Independent resource. Not affiliated with any provider. Always verify pricing on provider sites.
$embeddingcost

Methodology

How EmbeddingCost.com sources and verifies AI embedding pricing. Provider URLs, calculator assumptions, MTEB benchmark provenance, refresh cadence, and the corrections process. The single-source verification date is currently set to .

Prices verified May 2026

1. Provider sources

Every per-million-token rate on this site is traceable to the provider's own public pricing page. Vector database rates are taken from the operator's published pricing. Where a provider has multiple surfaces (Google Gemini API vs Vertex AI; Amazon Bedrock vs SageMaker JumpStart) the page that surfaces the rate is noted on the relevant per-provider page.

ProviderSource URLRefresh
OpenAIopenai.com/api/pricing
Per-million-token rates for text-embedding-3-small, 3-large, and ada-002. Batch API discount is documented separately in OpenAI's batch API page; the 50 percent rate is taken directly from the public Batch tier.
Monthly
Anthropicwww.anthropic.com/pricing
Anthropic does not currently offer an embedding model. The Claude API supports text generation and tool use; embedding workloads route to OpenAI, Cohere, Voyage, Google, AWS Bedrock, or a self-hosted model. See claudeapipricing.com for the chat side.
Reference only
Coherecohere.com/pricing
embed-v4 text and image rates. Note: Cohere does not currently publish a batch-tier discount for embeddings; the standard rate is the rate.
Monthly
Voyage AIdocs.voyageai.com/docs/pricing
voyage-3-lite, voyage-3.5, voyage-3-large, and the domain-specific models (voyage-code-3, voyage-law-2, voyage-finance-2). 33 percent batch discount and the 200M lifetime free tier are taken from Voyage's documentation.
Monthly
Googleai.google.dev/gemini-api/docs/pricing
gemini-embedding-001 (GA) and gemini-embedding-2-preview rates. Vertex AI surface is cross-checked against cloud.google.com/vertex-ai/generative-ai/pricing; rates currently match.
Monthly
Amazon Bedrockaws.amazon.com/bedrock/pricing/
Amazon Titan Text Embeddings V2 (and Cohere / Voyage models surfaced through Bedrock). Rates quoted are US East 1; other AWS regions can run 10 to 20 percent higher and are explicitly flagged on the /aws-bedrock page.
Monthly (US East 1)
Pineconewww.pinecone.io/pricing/
Serverless storage rate ($0.33/GB/month), read/write unit rates, and pod-based pricing (p1.x1 floor at $70/month). Cold-start latency notes are taken from Pinecone's serverless documentation.
Quarterly
Qdrant Cloudcloud.qdrant.io/
Storage and RAM per-GB rates.
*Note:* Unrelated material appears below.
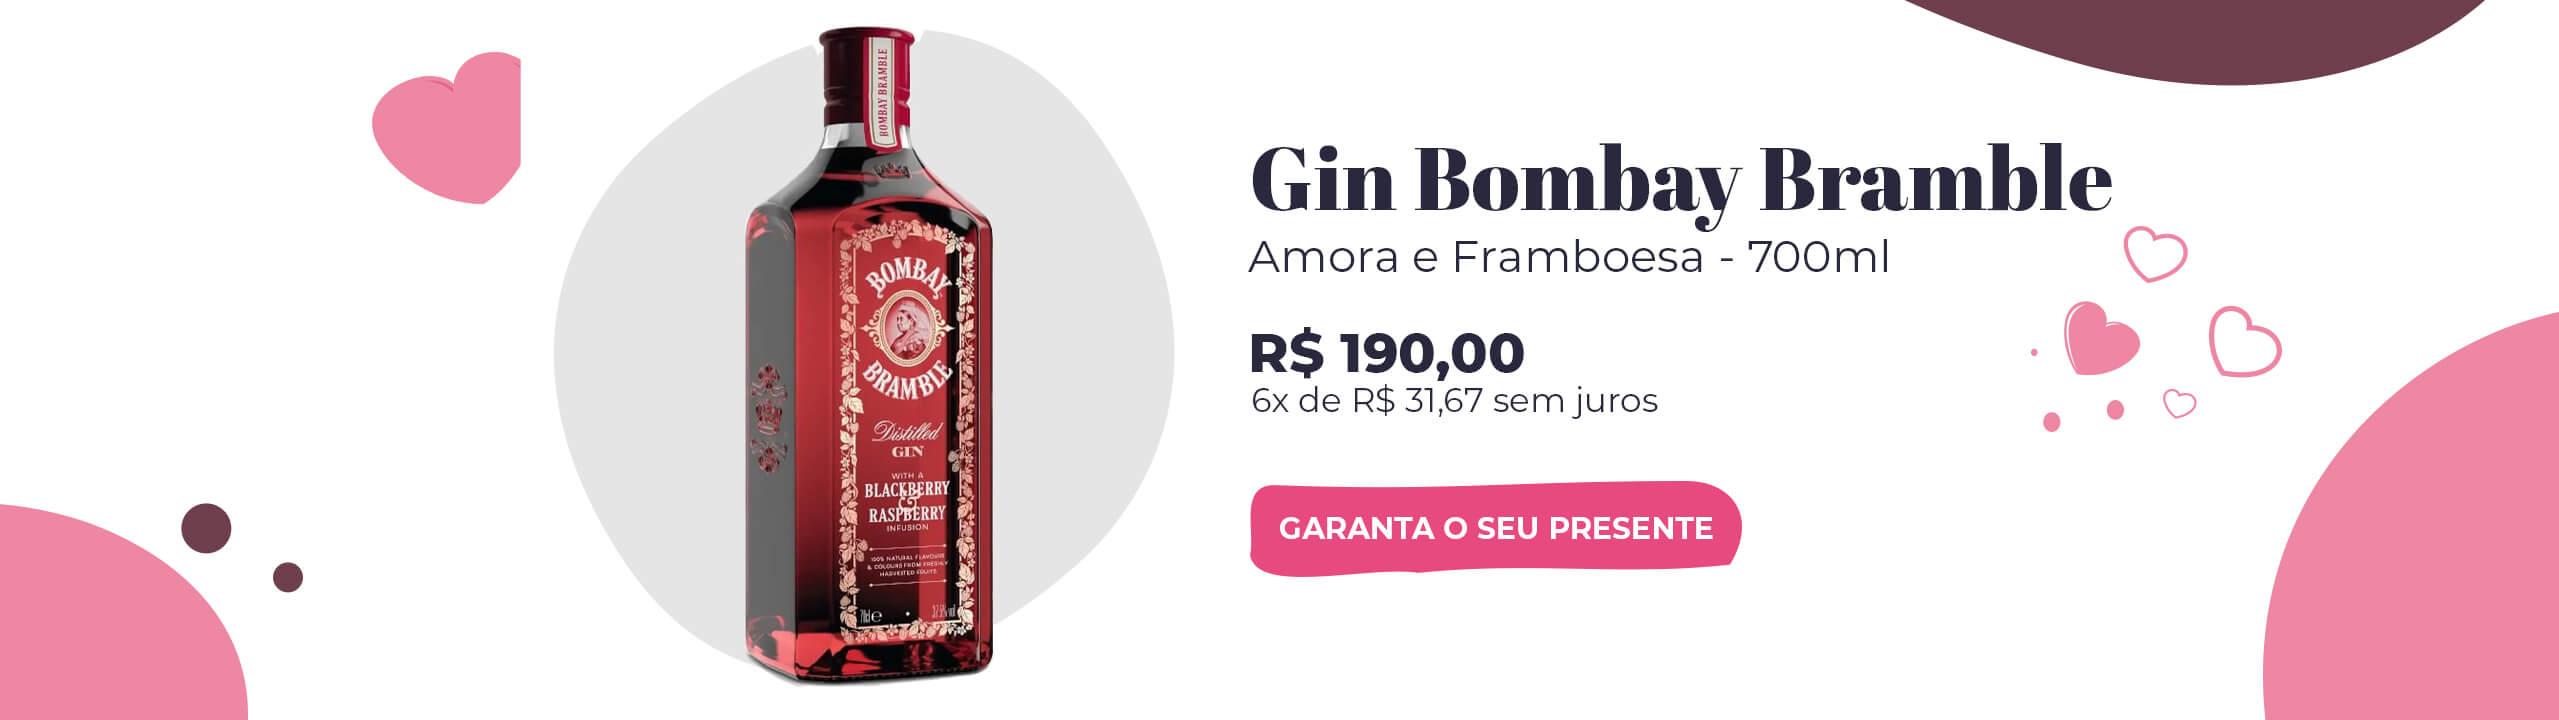 Gin Bombay Bramble 700ml Bartender Store

Free tier (1M vectors) verified from the Qdrant pricing calculator.
Quarterly
Weaviate Cloudweaviate.io/pricing
$0.095/GB/month managed storage rate. Self-hosted Weaviate is excluded from managed rates.
Quarterly
Zilliz Cloud / Milvuszilliz.com/pricing
Per-GB storage rate, billion-scale tier notes. Self-hosted Milvus is excluded from managed rates.
Quarterly
pgvectorgithub.com/pgvector/pgvector
Open-source Postgres extension. Cost reference assumes an existing Postgres deployment; raw storage at $0.023/GB/month is taken from typical managed-Postgres rates (AWS RDS, GCP Cloud SQL, Supabase Pro), not from pgvector itself.
On change

2. What is in scope

3. What is out of scope

4. Calculator assumptions

Tokenizer

OpenAI rates use the tiktoken cl100k_base tokenizer for token estimates. Other providers use their published tokenizers where available (Voyage publishes a tokenizer; Cohere does not currently). For mixed-provider comparison, calculator inputs assume a 1.0 to 1.05 tokens-per-input-word multiplier consistent with English-language prose.

Chunk overlap

The default in the calculator and worked examples is 25 percent overlap, which is the production-standard for RAG. This inflates billed tokens by roughly 25 percent over raw corpus tokens. Higher-precision pipelines use 10 percent overlap and pay less; aggressive overlap up to 40 percent is rare and the calculator does not surface it by default.

Storage formula (float32)

vectors x dimensions x 4 bytes. For 1M 1536-dimension vectors that is 5.72 GB before HNSW index overhead.

Storage formula (binary)

vectors x dimensions / 8 bytes. Only Amazon Titan V2 currently supports binary quantization in a production-grade API. Binary storage cuts raw bytes by 32x with a 5 to 10 percent retrieval accuracy reduction.

Index overhead

HNSW indexes add roughly 20 to 40 percent on top of raw vector storage. Calculator outputs show raw vector storage; pricing tables for managed vector DBs include 30 percent overhead as a planning assumption.

Self-hosted throughput

BGE-M3 on a single A100 GPU is estimated at 8,000 tokens per second. Spot pricing at $1.50 per GPU hour gives roughly $0.052 per million tokens at full utilisation. Real utilisation depends on batching, queue depth, and ops overhead.

Year 1 total

One-time indexing cost plus 12 months of (monthly query cost plus monthly storage cost). Re-indexing passes are added separately on the /scenarios pages where they apply.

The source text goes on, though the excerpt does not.